A $4,000 GPM on $48,000 in revenue is only an 8.33% profit margin, which is pretty thin for most businesses. If the rest of the business is generating a 50% gross profit margin, this can make the marginal revenue coming from online advertising seem really expensive and potentially not worth it at that price. But there’s more to the story.
Why We Should Think of Advertising as an Investment
I’m going to firmly state right here and now that thinking about online advertising from a cost accounting perspective leads you to some errors in judgment. There is certainly a place for cost accounting, but rational financial decisions need to be made differently.
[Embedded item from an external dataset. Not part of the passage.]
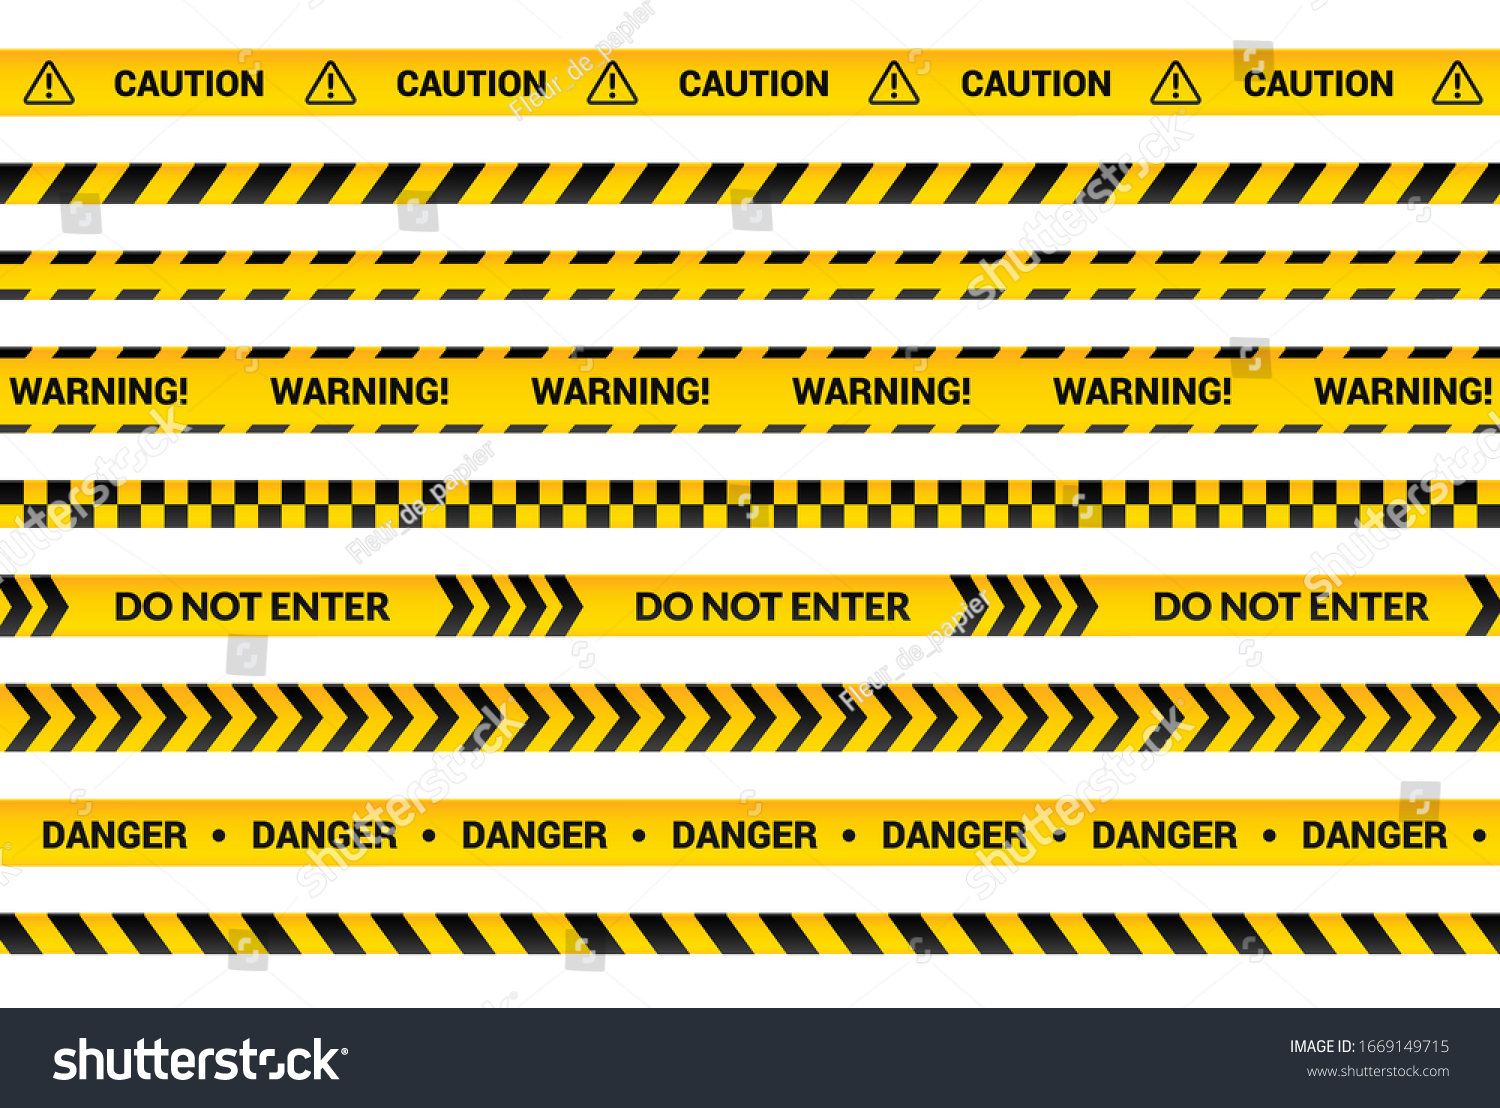 SVG of Caution tape set, yellow warning strips, danger symbol, arrows, yellow lines with black text and triangle sign. Flat banner isolated collection with attention message, cartoon vector illustration. svg

Expressed as a cost, Google Ads is very expensive. But let’s flip this analysis around and think about it in terms of ROI to see it from another angle.
What are the characteristics of an investment? It requires committing some assets up front. We have some risk associated with the investment which could result in us not getting our money back. There’s some potential for a return that’s higher than the amount we invest, or an ongoing stream of cash coming out of the investment that compensates us for taking that risk.
In a Google Ads account for an ecommerce company doing direct response advertising for immediate conversions, an alternate perspective is this:
We commit some money to our Google Ads account as an initial investment. We get some conversions. As long as the conversion value is higher than our marginal costs of getting those conversions, including the advertising costs, we have gotten our original cash back and received a return on our investment. As long as we’re not losing money on transactions, we have an investment with a return.
In addition, we’re also building another valuable asset. An Google Ads account is really an automated set of proprietary business rules that turns into a money-generating machine. A well-tuned Google Ads account is a machine that spits out cash. You set it up, then feed it some investment dollars, and it returns that investment with interest over and over.
Unlike most long-term investments, you’re really feeding your Google Ads investment on a very short time horizon and getting nearly immediate returns. Maximizing our business profitability involves tuning this account and turning it into a cash cow.
Revisiting the Definition of ROI
Let’s do a quick refresher from Business 101. ROI, stated simply, is the profit divided by the investment. As a practical tool for comparing the returns available from different investments, it’s also typically stated in annual terms. For example, my bank’s savings account will generate a 0.05% ROI for me right now, in 2015. If I invest $1,000 in a saving account and leave it in place for a year, I will have my original $1,000 investment, plus an additional 50 cents in interest. Not a great investment.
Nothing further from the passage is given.